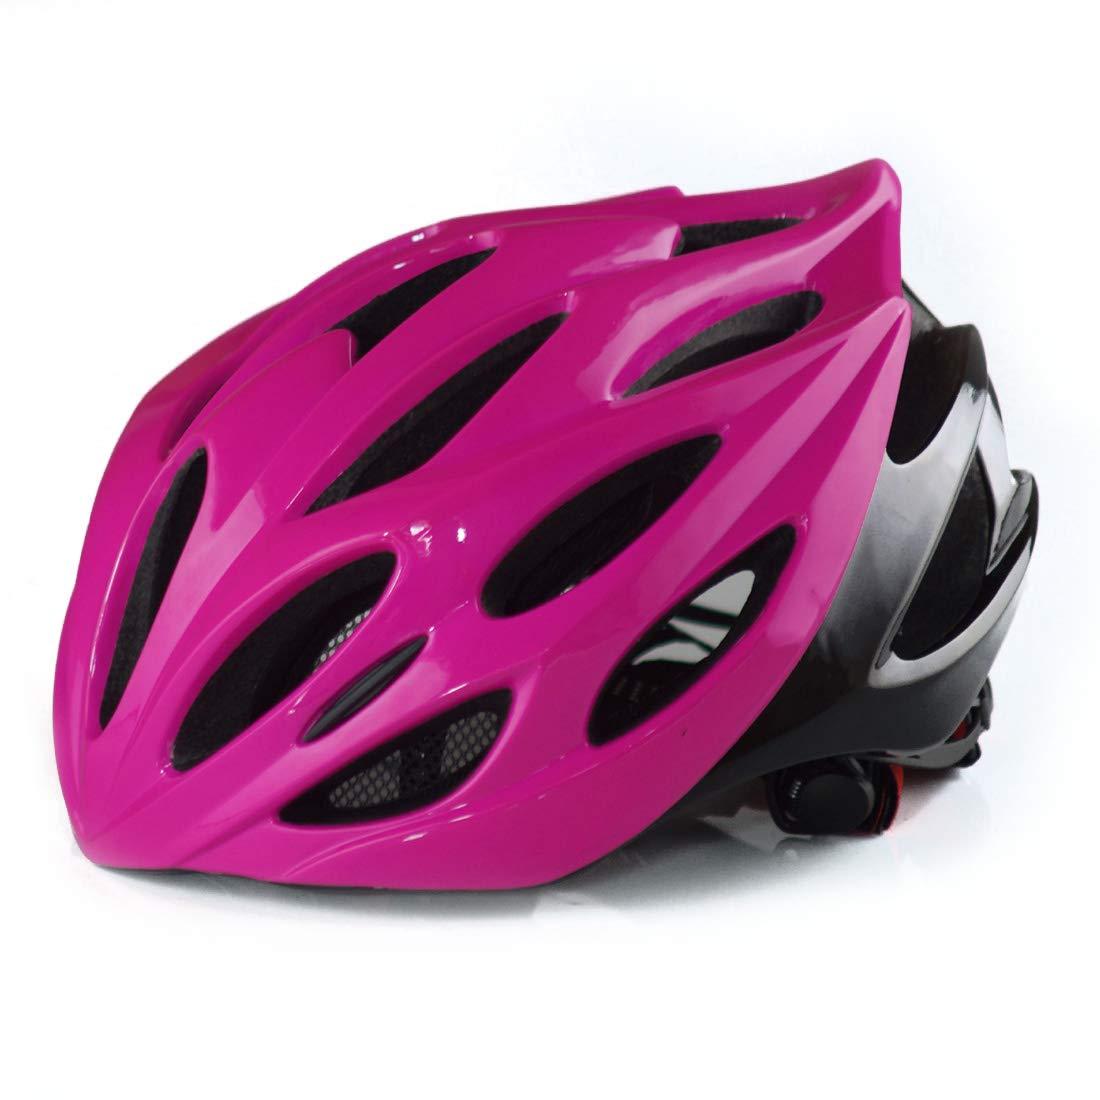 Nekovan 屋外自転車愛好家に適した自転車安全ヘルメット自転車乗馬ヘルメット (Color : A4, サイズ : L) Large A4 B07QHSKC7F
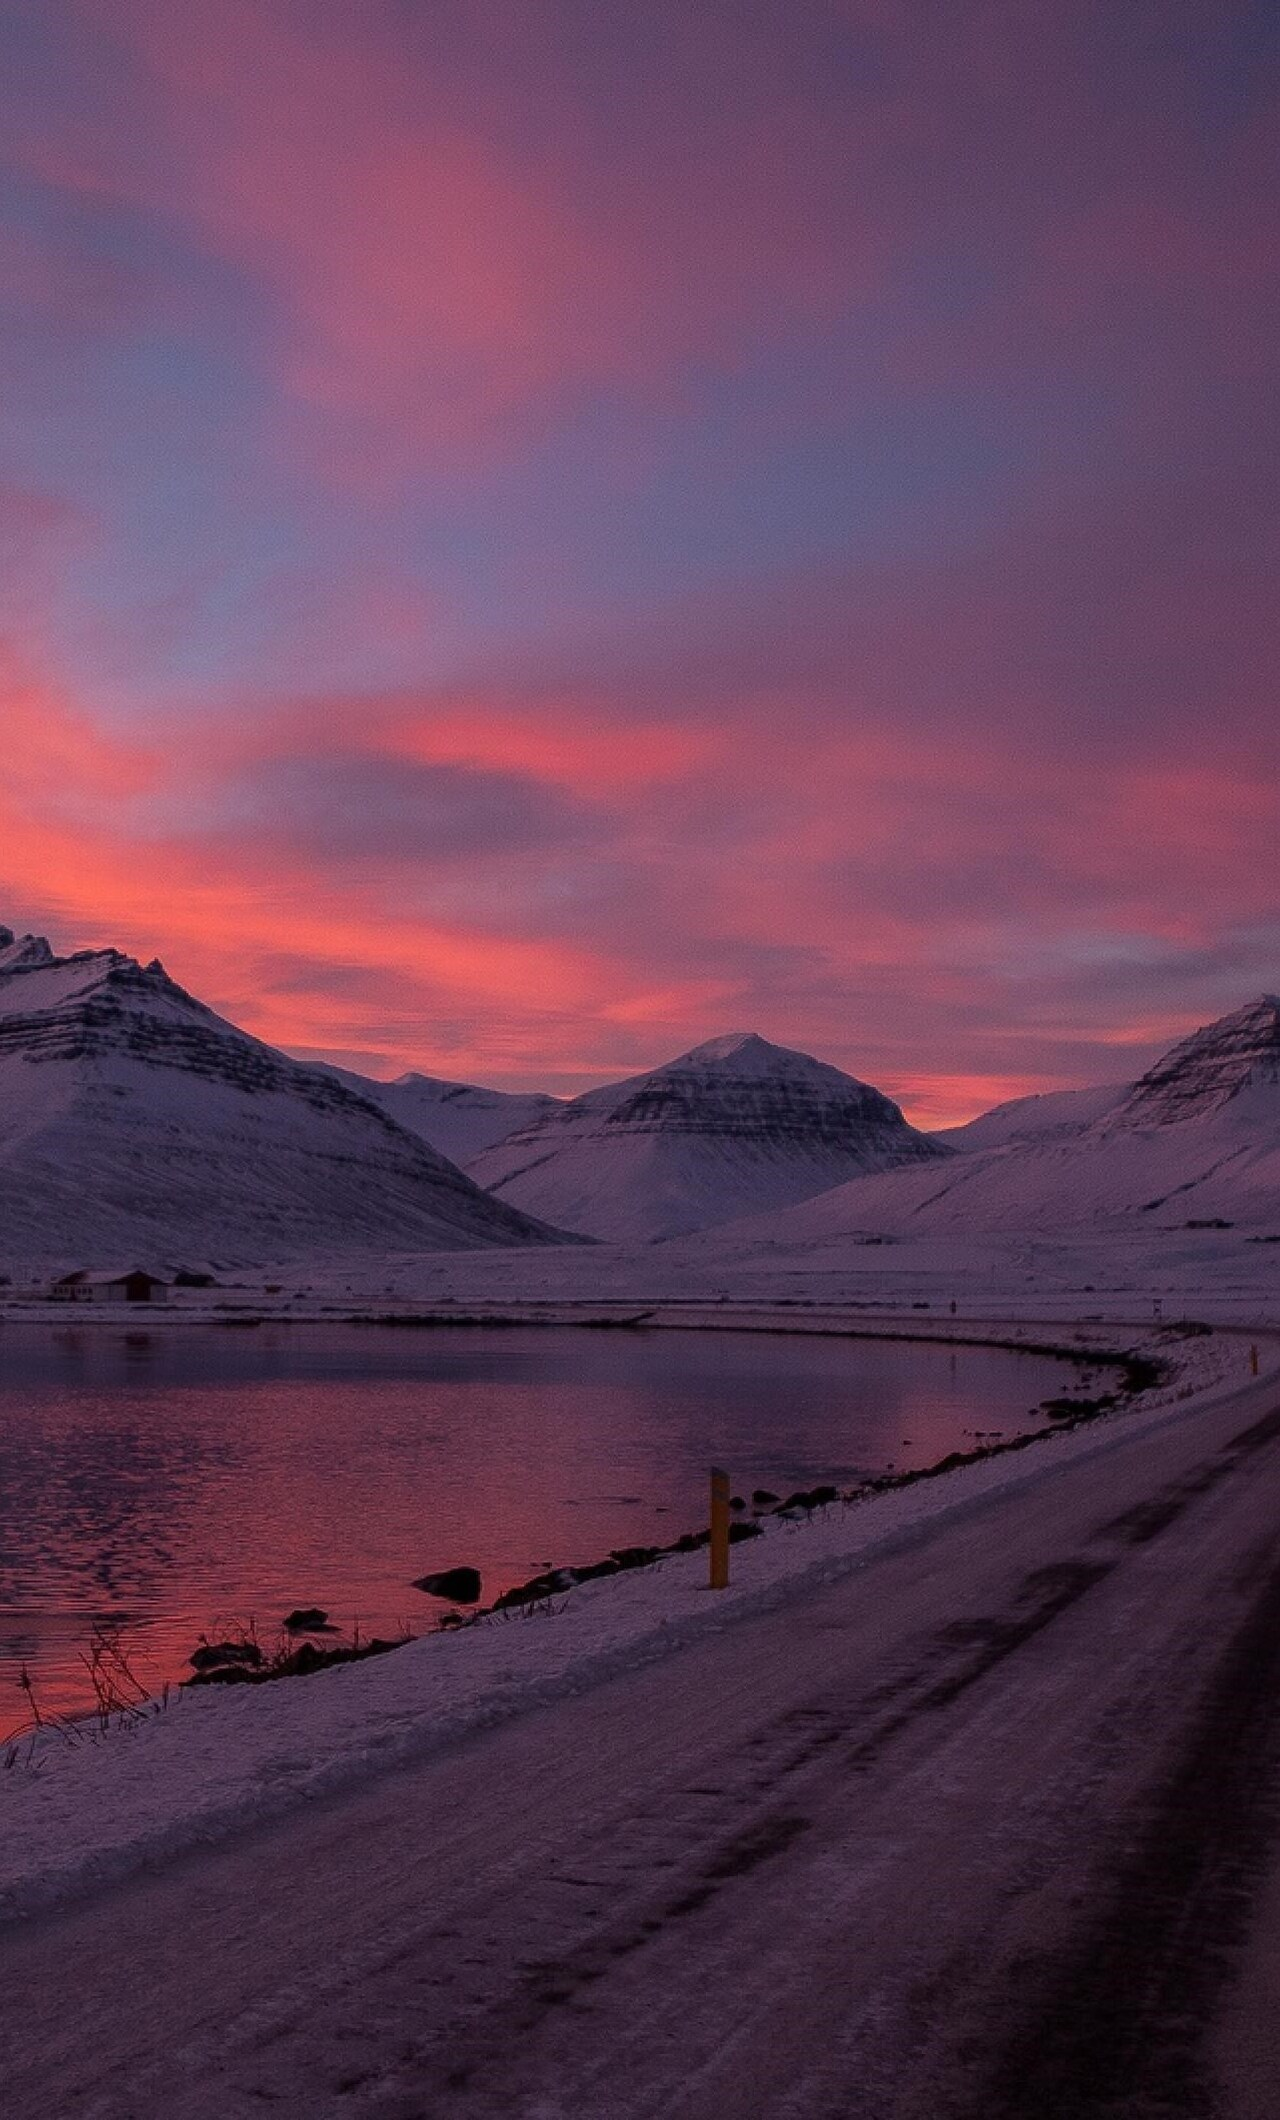 sunset-beach-snow-mountains.jpg
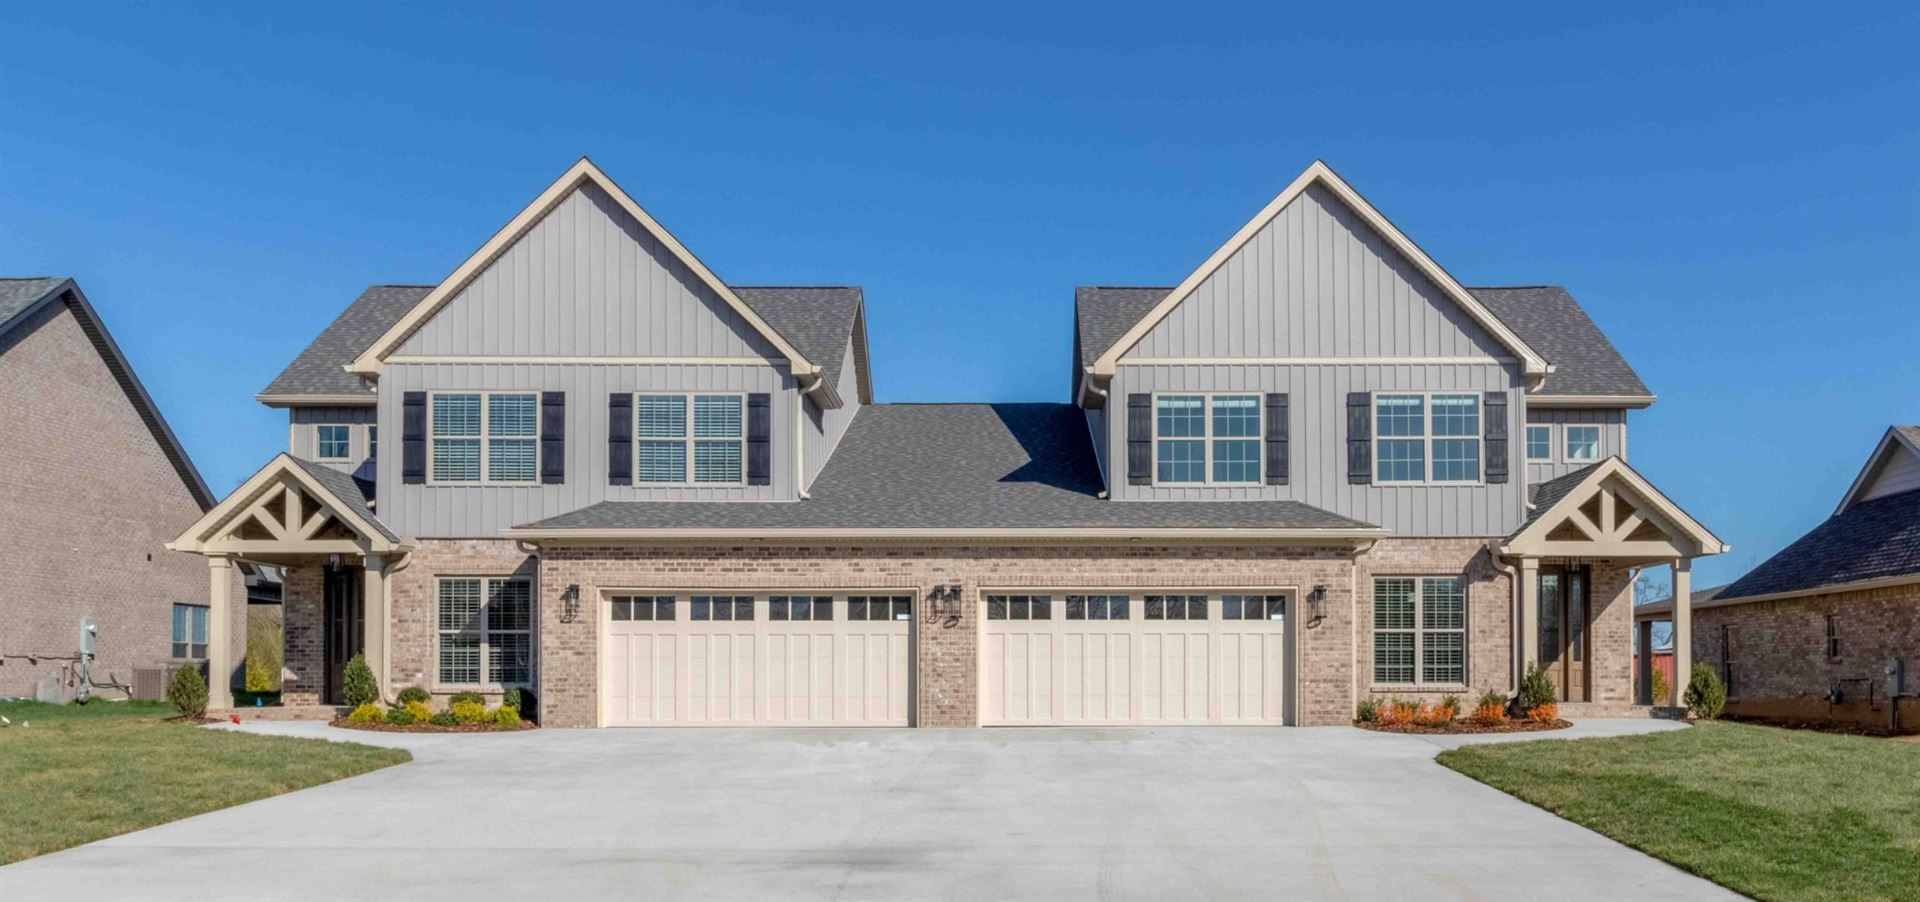 1089 Veridian Drive Unit 4A, Clarksville, TN 37043 - MLS#: 2274640
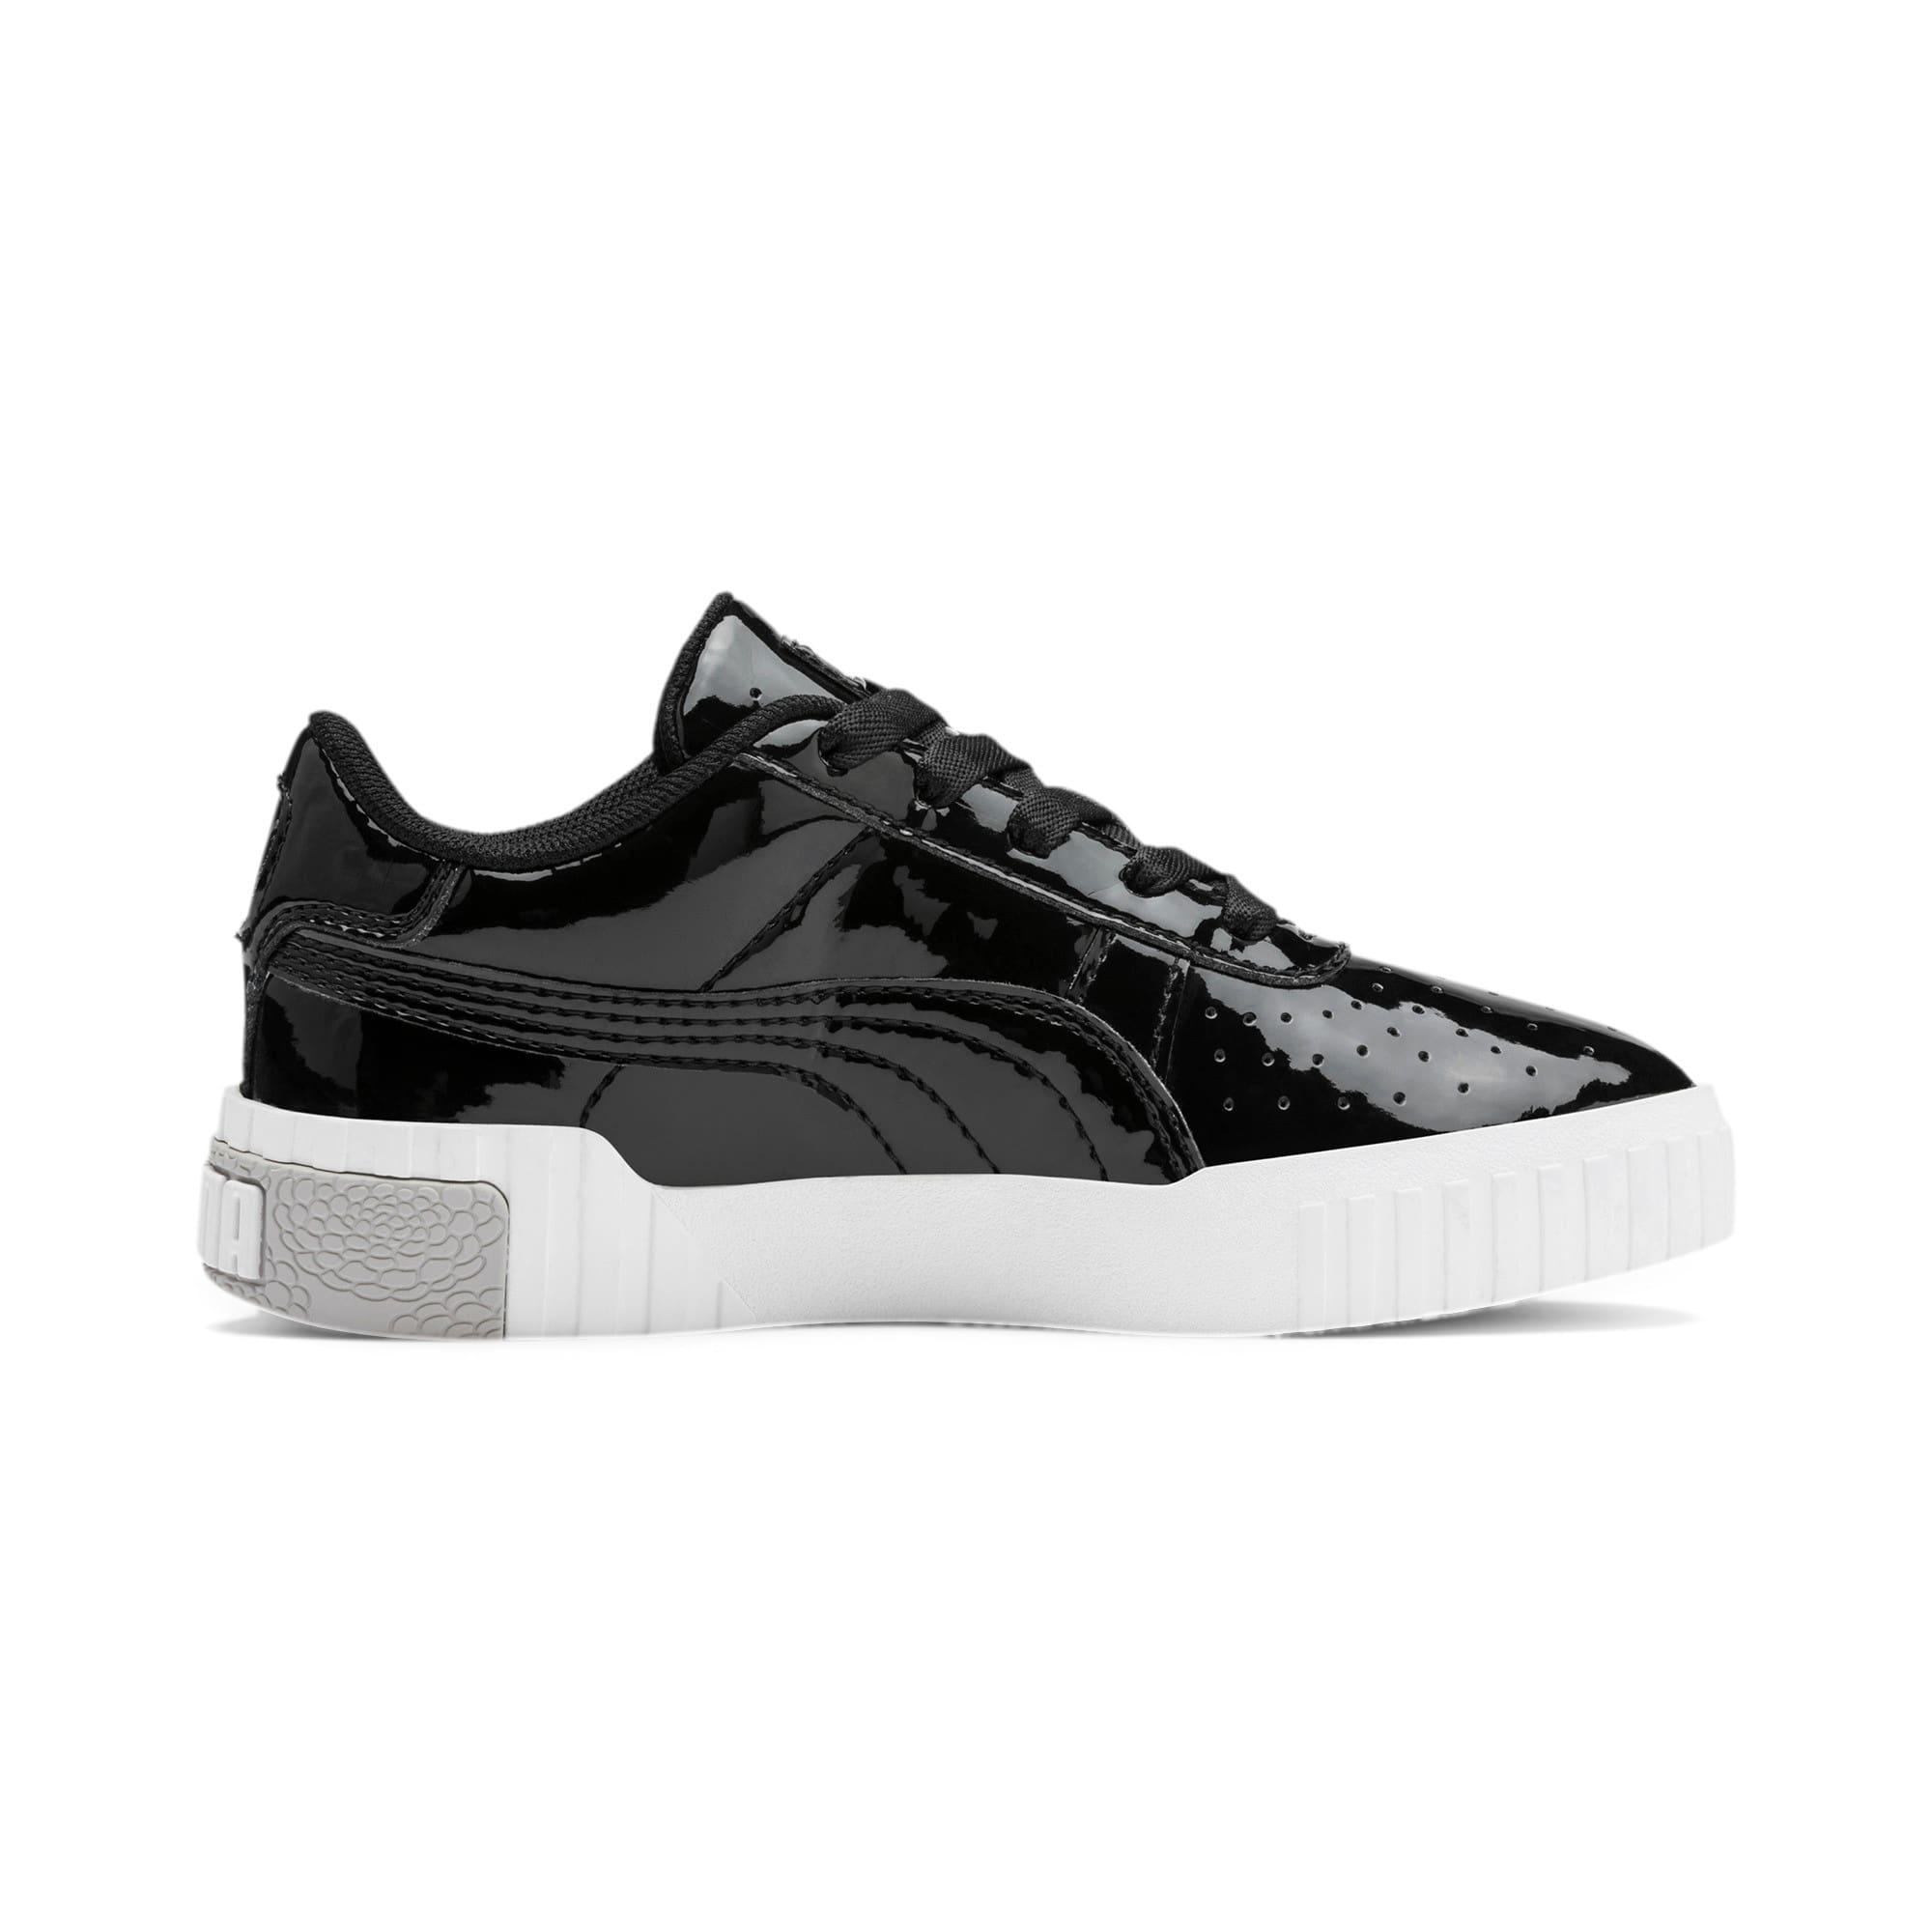 Thumbnail 5 of Cali Patent Kids' Trainers, Puma Black-Puma White, medium

PROBLEM REQUIREMENTS> Type the listing above out again exactly, and omit all pictures.

TASK SOLUTION>
 Nekovan 屋外自転車愛好家に適した自転車安全ヘルメット自転車乗馬ヘルメット (Color : A4, サイズ : L) Large A4 B07QHSKC7F
 sunset-beach-snow-mountains.jpg
 1089 Veridian Drive Unit 4A, Clarksville, TN 37043 - MLS#: 2274640
 Thumbnail 5 of Cali Patent Kids' Trainers, Puma Black-Puma White, medium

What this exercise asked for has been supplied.